По этим причинам, а отнюдь не из-за уведомлений Путина, президент Соединенных Штатов со своими советниками должен был знать, что лучше всего его желаниям отвечает эта готовая сражаться с ИГИЛ некоалиционная коалиция. А поскольку Соединенные Штаты в последнее время предпринимают шаги по предоставлению новых полномочий иранцам, и в то же время спускают на тормозах те проблемы, из-за которых мы можем оказаться в еще большей конфронтации по отношению к Путину, Асаду и иракцам, становится понятно, что президент с большим удовольствием дает им возможность поступать так, как они поступают.
Теперь план Обамы становится понятен. Мы уйдем из Сирии и Ирака, оставив их русским и иранцам. Обе эти измученные войной страны находятся в состоянии хаоса. У США нет политической воли для наращивания своего участия. Ну что здесь может пойти не так? Каковы могут быть долговременные последствия, если мы позволим русским и иранцам продолжать свою понятную и пока успешную стратегию по расширению влияния в собственном общем географическом окружении?
Эта стратегия заключается в содействии расколу у соседей, чтобы затем прийти и усилить свое влияние на них, одновременно ослабив их оппонентов. Благодаря такому подходу Россия получила часть территорий Грузии и Украины. Этим объясняется ее демонстрация силы в Белоруссии и Прибалтике. Используя такую тактику, Иран усиливает свое влияние от Ливана до Йемена (не говоря уже о Сирии и Ираке).
Неважно, что Россия агрессивно позиционирует себя в качестве соперника США во всем мире, а у Путина из-за экономических и демографических бедствий внутри страны есть всего один козырь, чтобы сохранять 80-процентные рейтинги популярности: возрождение «российского величия» посредством агрессии за рубежом. Неважно, что он душит демократию, серьезно увеличивает военные расходы, модернизирует ядерные силы и нагнетает военную истерию. Неважно, что разрушается ключевой баланс между шиитами и суннитами на Ближнем Востоке, и что сунниты терпят одну неудачу за другой (во многом по собственной вине). Неважно, что буквально на каждое поражение суннитов приходится победа иранцев. Неважно, что Иран и Россия это самые опасные игроки в мире, и что встревоженный Пентагон включил их в списки своих потенциальных врагов под первыми номерами.
Если в годы Второй мировой войны наши умонастроения сводились к «победе любой ценой», то в годы правления Обамы американским девизом стал «уход любой ценой».

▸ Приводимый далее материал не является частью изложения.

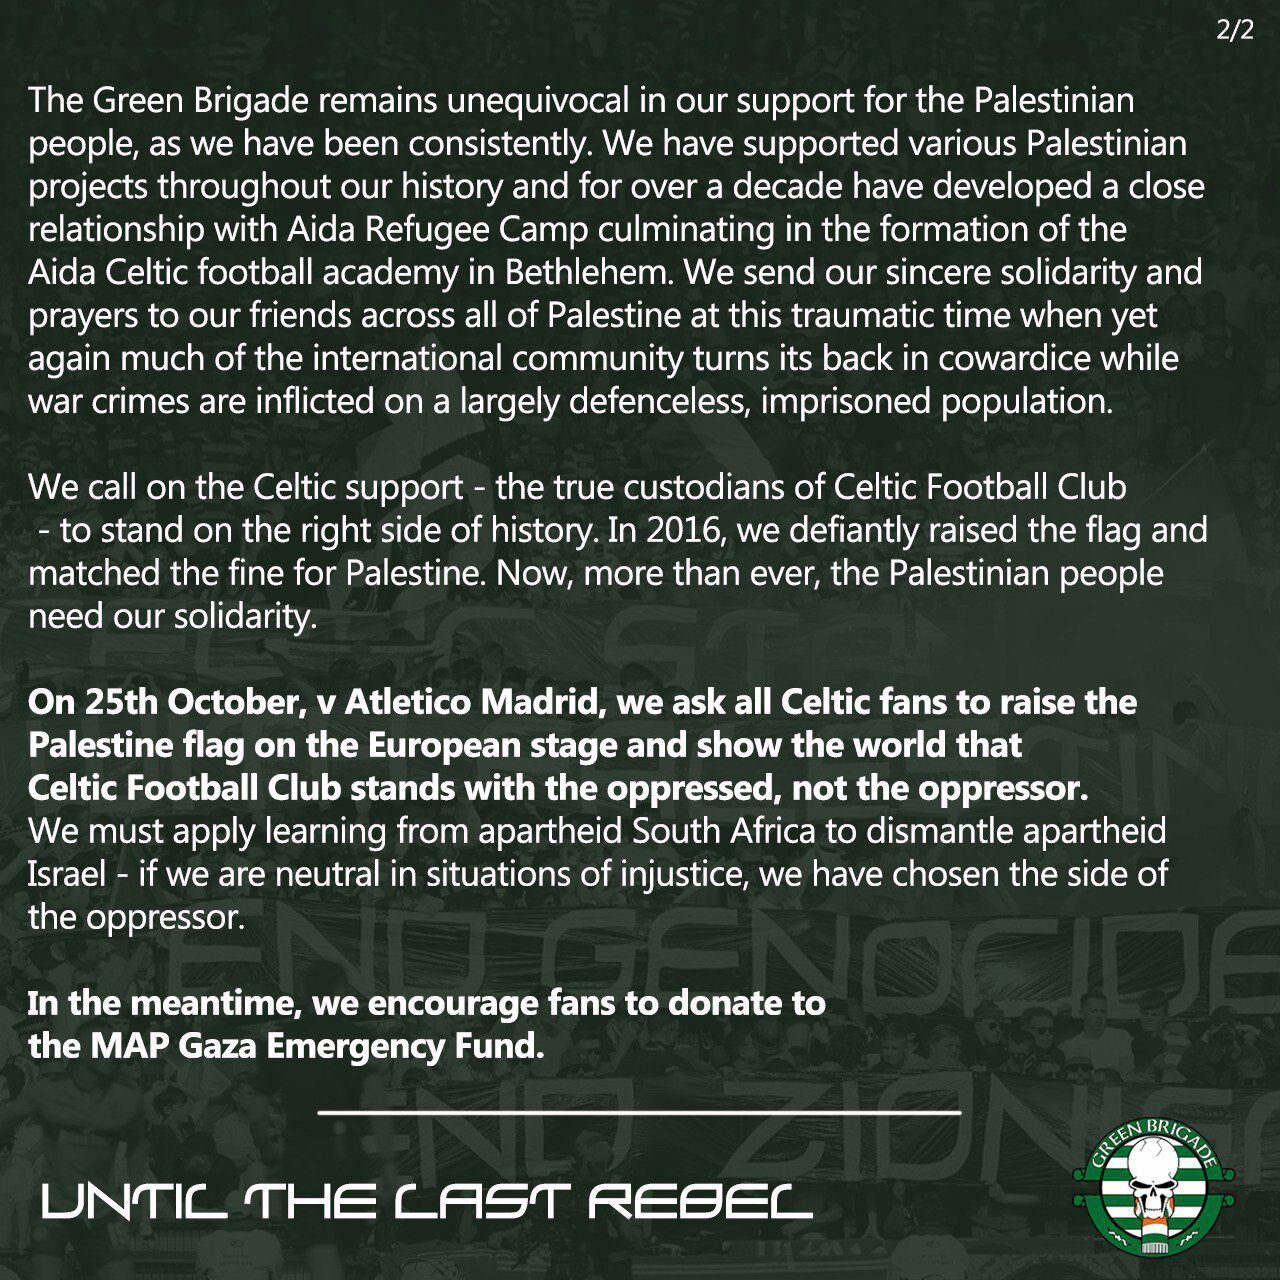 بیانیه تاریخی هواداران تیم فوتبال سلتیک در حمایت از مردم فلسطین

В то время как самозваные «реалисты» приветствуют сдержанность и непревзойденное мастерство президента Иа-Иа в подчеркивании недостатков американских действий, а защитники президента выдвигают несомненно обоснованный аргумент о том, что катастрофическое вторжение в Ирак довело нас до того положения, в котором мы оказались, они упускают из виду один исключительно важный факт. Что сделано, то сделано. Мы там, где мы есть. Давайте признаем, что Ирак был катастрофой. Давайте согласимся с тем, что арабская весна стала раной, которую сами себе нанесли режимы, пренебрегшие обязательствами перед своими народами и современностью. Давайте скажем, что никаких хороших вариантов у нас в Сирии не было.

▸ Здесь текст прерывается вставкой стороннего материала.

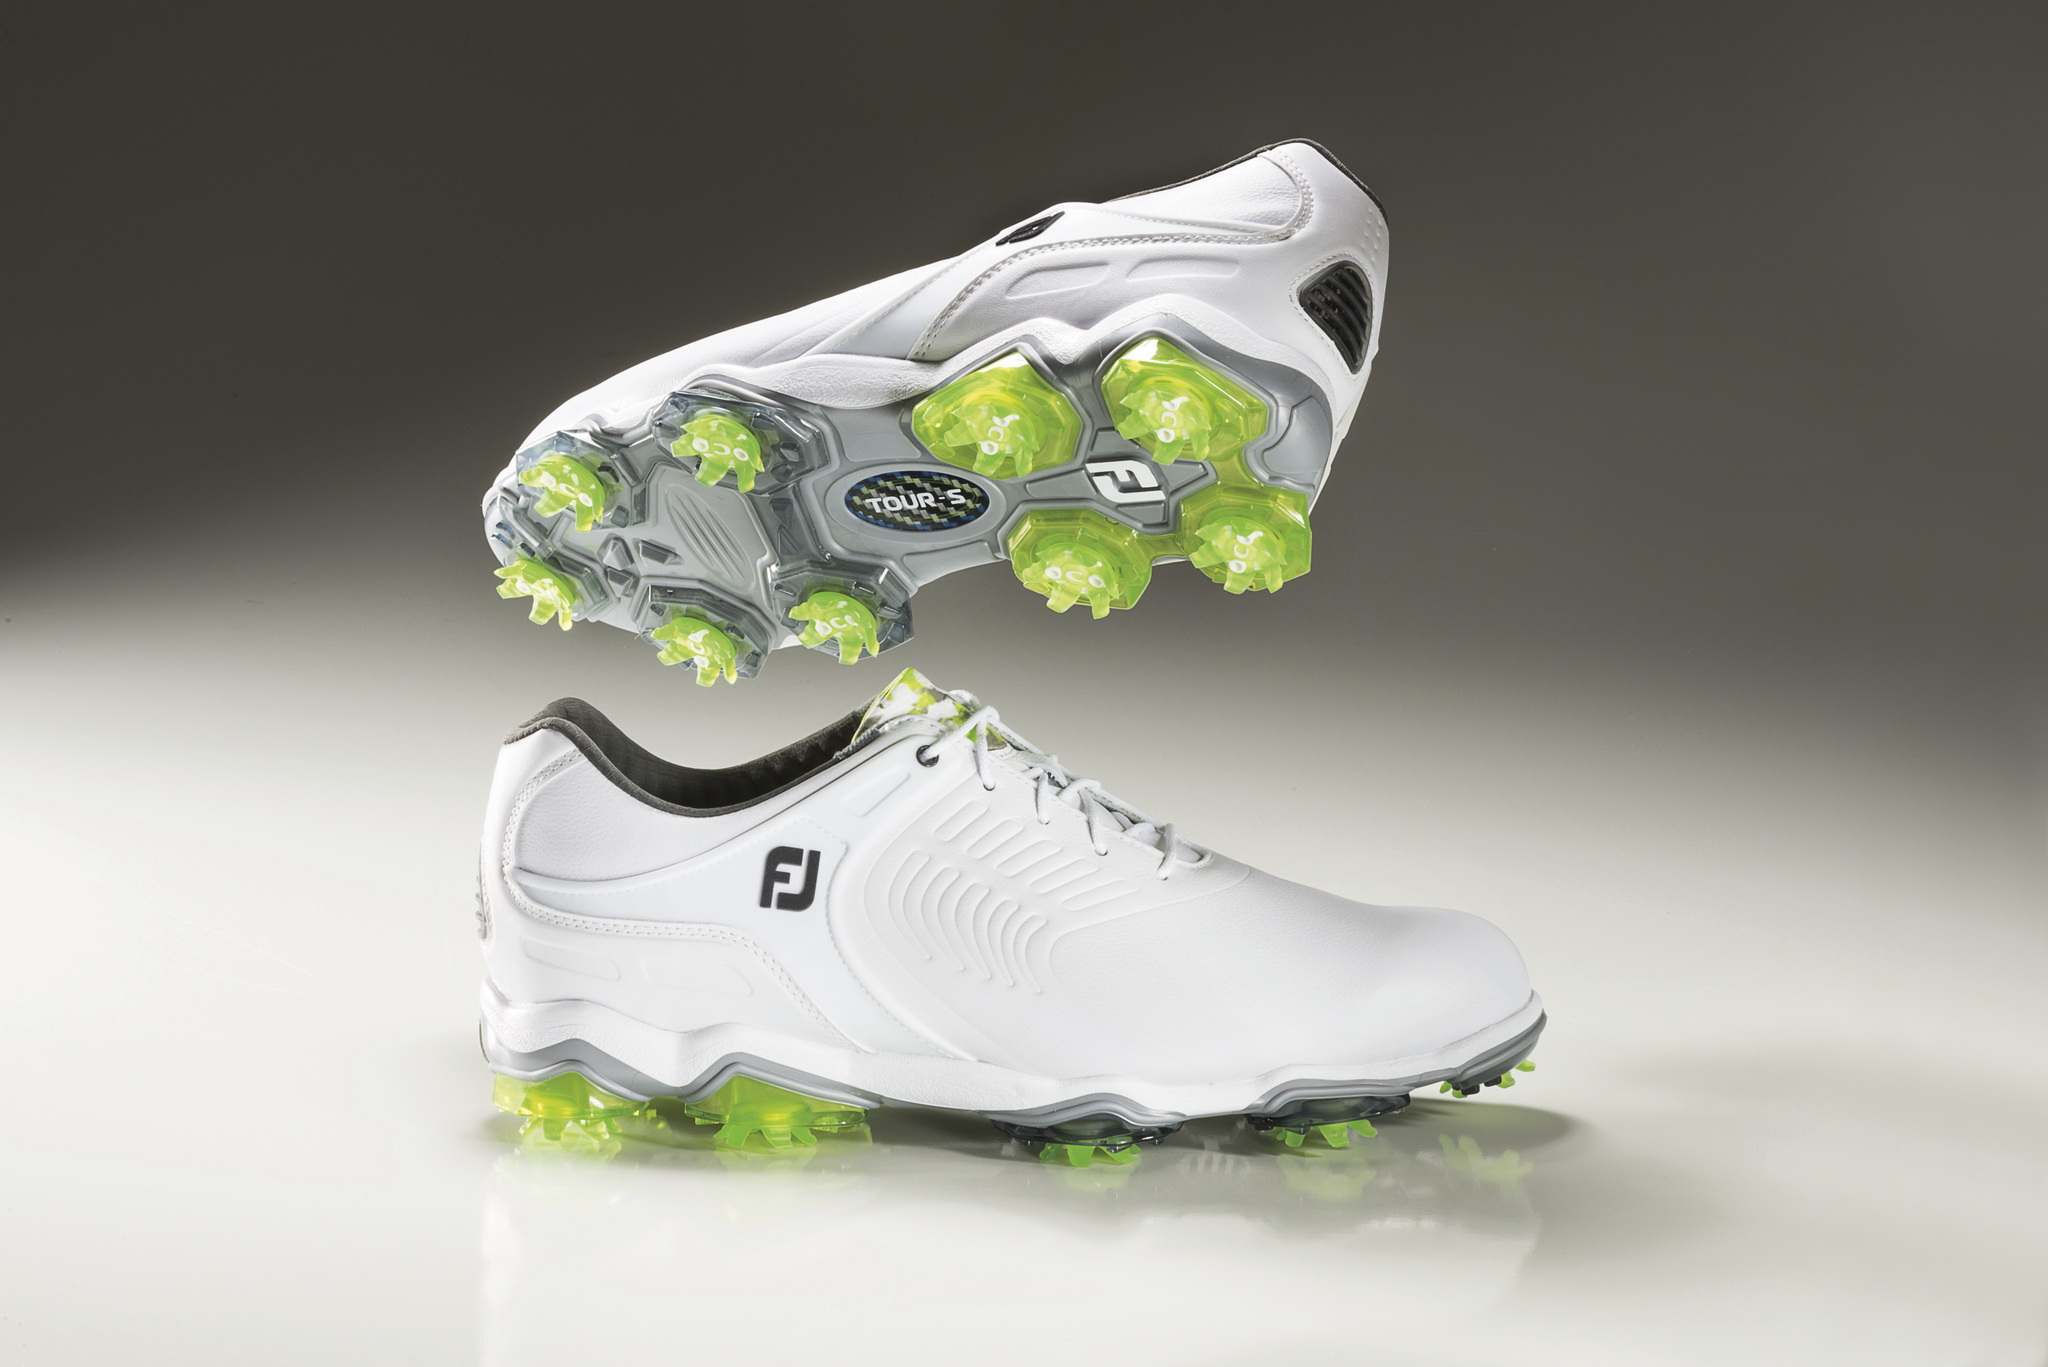 FootJoy launch new Tour-S golf shoe | GolfMagic

Когда американский президент оказывается в паршивой ситуации, не имея хороших вариантов действий, мы все равно должны думать о том, как наилучшим образом продвигать американские интересы. (Дурное предчувствие по поводу иностранных боевиков, потоки устремившихся в Европу беженцев, а также стратегические последствия длительного контроля над Ближним Востоком — все это подчеркивает, что у нас все-таки имеются долгосрочные интересы, а аргумент «это не наша проблема» наивен и недальновиден.) «Слишком трудно» и «я не хочу играть» это неприемлемые ответы, потому что они ведут как раз к тому, что мы получили: врагов, захвативших инициативу и запустивших потенциально перманентный процесс перераспределения власти и влияния в стратегически важном регионе земного шара.

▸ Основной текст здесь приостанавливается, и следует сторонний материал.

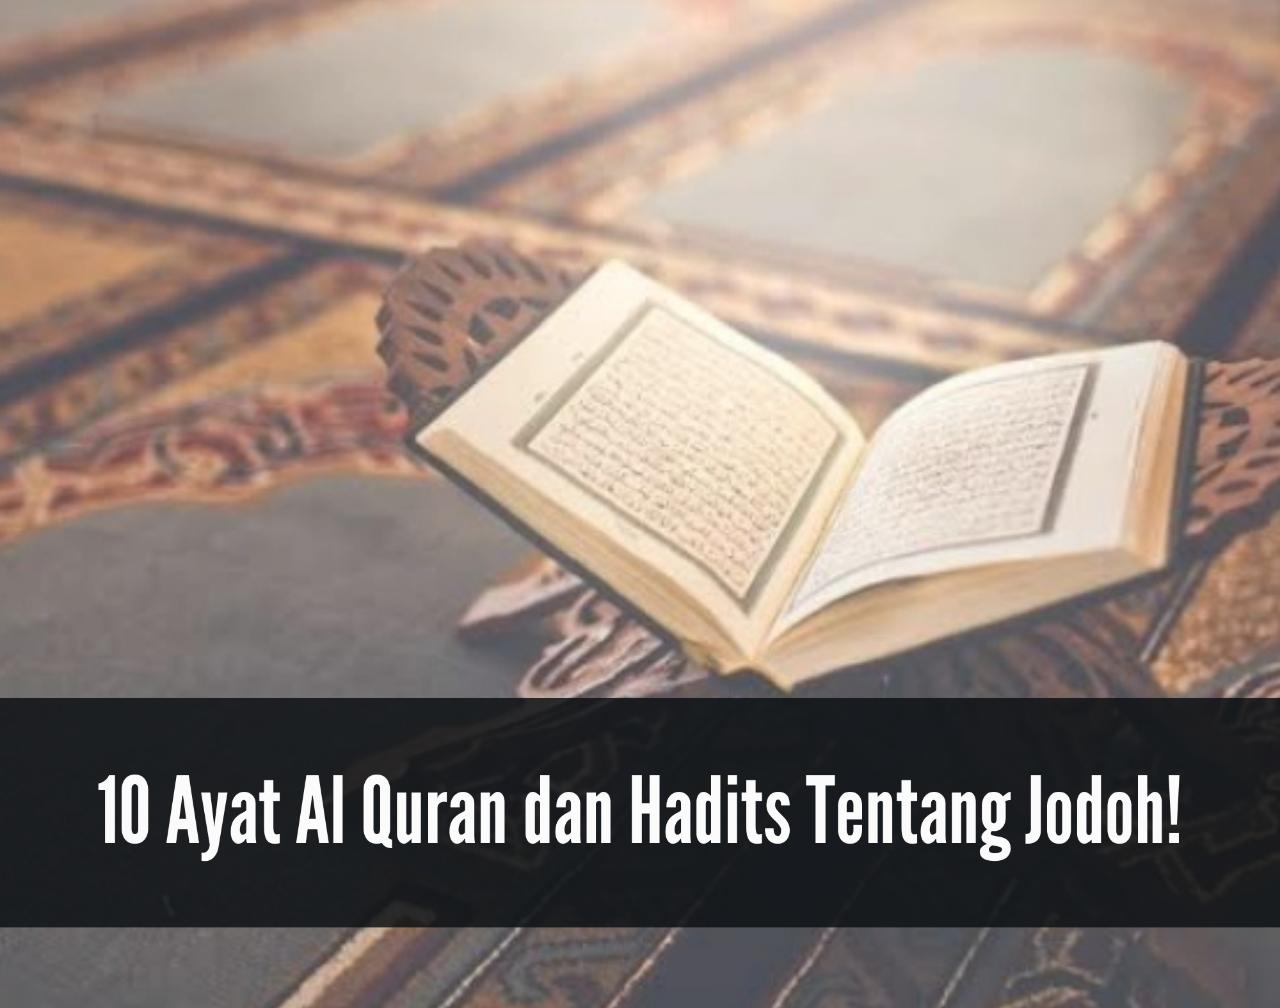 10 Ayat Al Quran dan Hadits Tentang Jodoh, Salah Satunya Merupakan Cerminan Diri

(Между прочим, скоро в этом ряду окажется и Афганистан — еще одно место, где американские планы потерпели полную неудачу. Иран уже пытается усилить свое влияние на Афганистан, поскольку политические междоусобицы в Кабуле, колебания и усиление ИГИЛ создают условия для роста нестабильности в этой измученной стране).
Кстати, это отнюдь не значит, что российско-иранская команда с легкостью разобьет экстремистов. Я также думаю, что на данный момент их основная цель не в этом. Они стремятся завоевать что-то вроде плацдарма, который гарантирует им важные рычаги влияния на будущее политическое урегулирование в Сирии, если таковое начнется. Они смогут либо сохранить Асада у власти, либо обеспечить ему руководство на весь переходный период, а затем выбрать его преемника или наложить вето на его кандидатуру. Таким образом, обе страны гарантированно получат то, чего им хотелось больше всего — сохранение своего влияния в Дамаске. Этого требуют их региональные стратегии. А поскольку Соединенные Штаты, Европа, сунниты и даже израильтяне будут довольны таким положением вещей, потому что ИГИЛ будет обуздан, а потоки беженцев иссякнут, есть немало шансов, что российско-иранский гамбит сработает. Они получат то, что хотят, а мир, включая Обаму, назовет это победой.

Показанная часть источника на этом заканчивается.